The animals at the farm have the freedom to carry out their natural behaviours (the pigs root, the chickens scratch, the ducks forage) and are fed a nutritious diet of castoff fruits, vegetables, and grains that would otherwise produce ozone-depleting methane gas if buried in a landfill. Aside from the happy animals producing incredible quality meat—which restaurants like Bishop’s, Forage, Burdock & Co., Cibo Trattoria, West, and the Fairmont Waterfront proudly serve on their menus—these natural behaviours, especially those of the pigs, serve the dual purpose of developing and enhancing the farmland for crops. “Animals are an important part of the agroecosystem,” says Smith. “Manure is an important input to our field crops. Most conventional farms are fertilizing with synthetic chemicals instead of composted manure. Our pigs also help eradicate invasive weed species, so they’re doing the work that would otherwise be controlled using chemical herbicides or fossil fuel–driven heavy machinery.” Incredibly, the pigs at Urban Digs Farm actually have a carbon positive footprint thanks to their food-upcycling, fertilizer-providing, machinery-replacing ways.

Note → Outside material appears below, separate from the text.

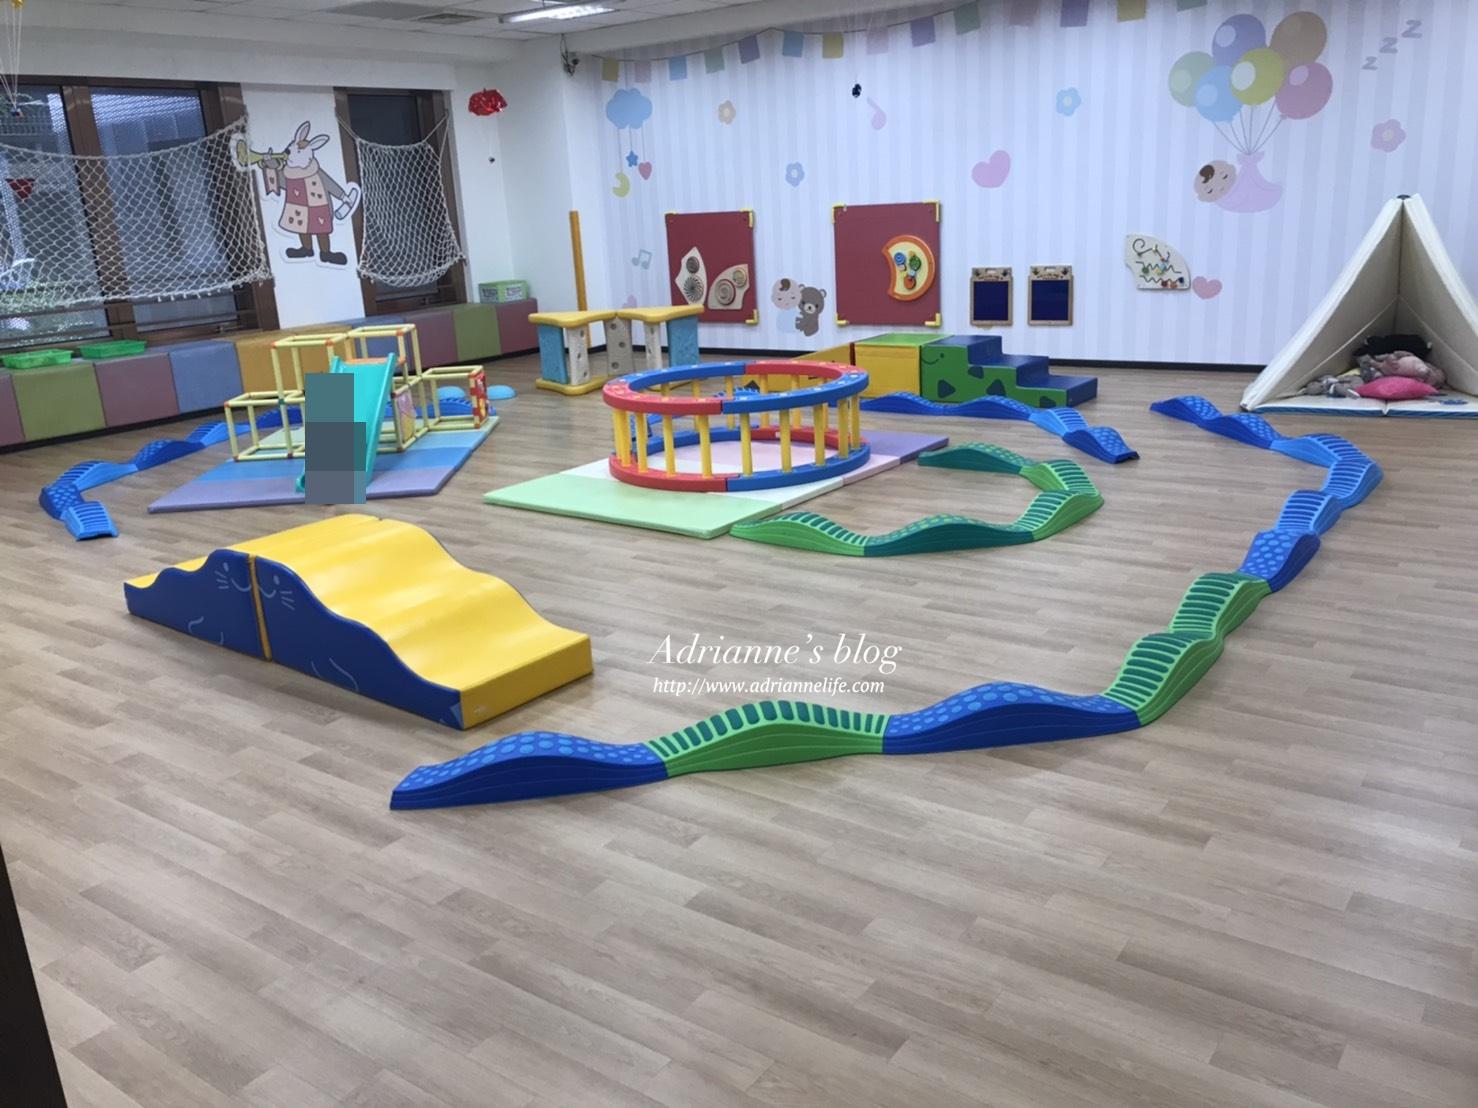 【台北親子館推薦】免費親子館!大同親子館空間又大又好玩,雨天遛小孩的好去處!
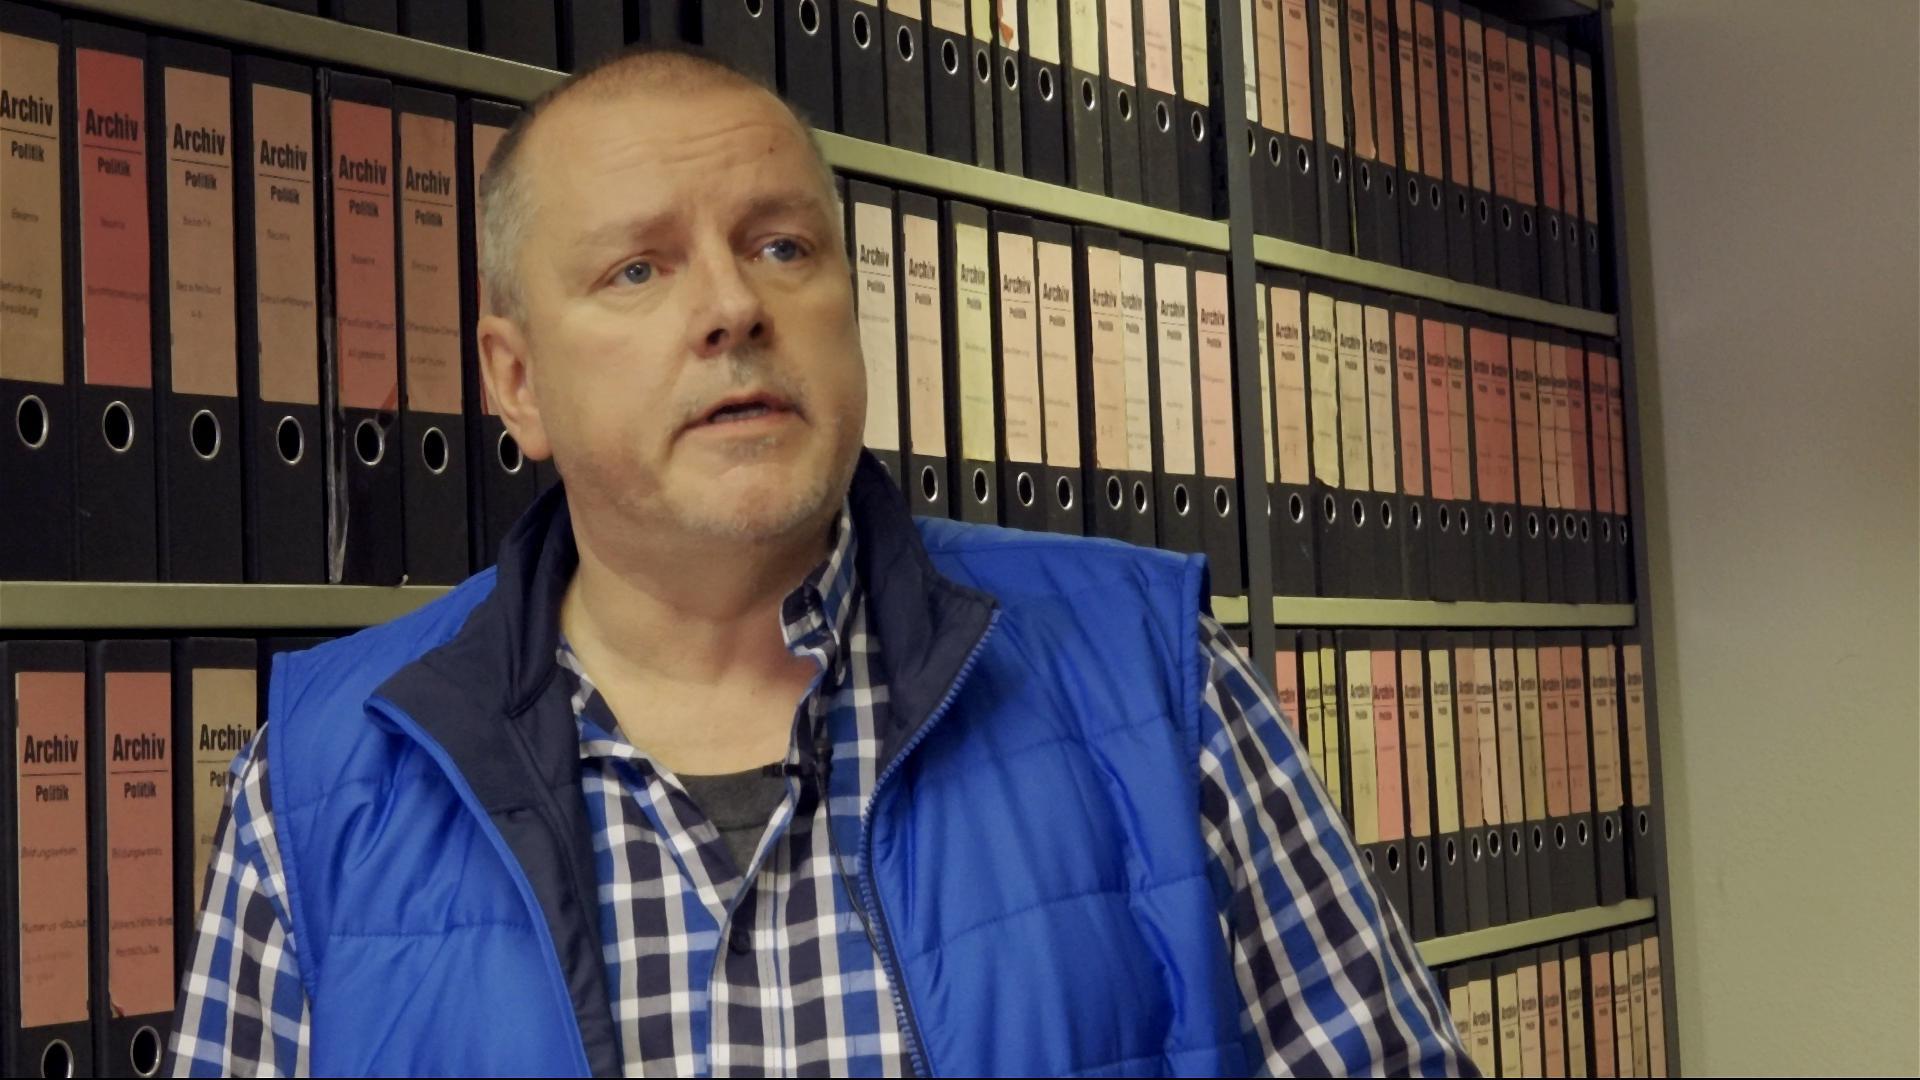 Alexander Wagner leitet das Archiv der Badischen Neuesten Nachrichten.

Both businesses and residents in Metro Vancouver will have to take a page from Urban Digs Farms’ waste-not book, as new food waste bylaws prohibiting organic waste from the trash go into effect in 2015. “As long as we’re throwing out nearly half our food, nobody can say good food is expensive,” says Smith, who encourages people to eat smaller portions of ethically, sustainability raised meat. Plus, “when you change how you value your food, you’re not going to waste as much”.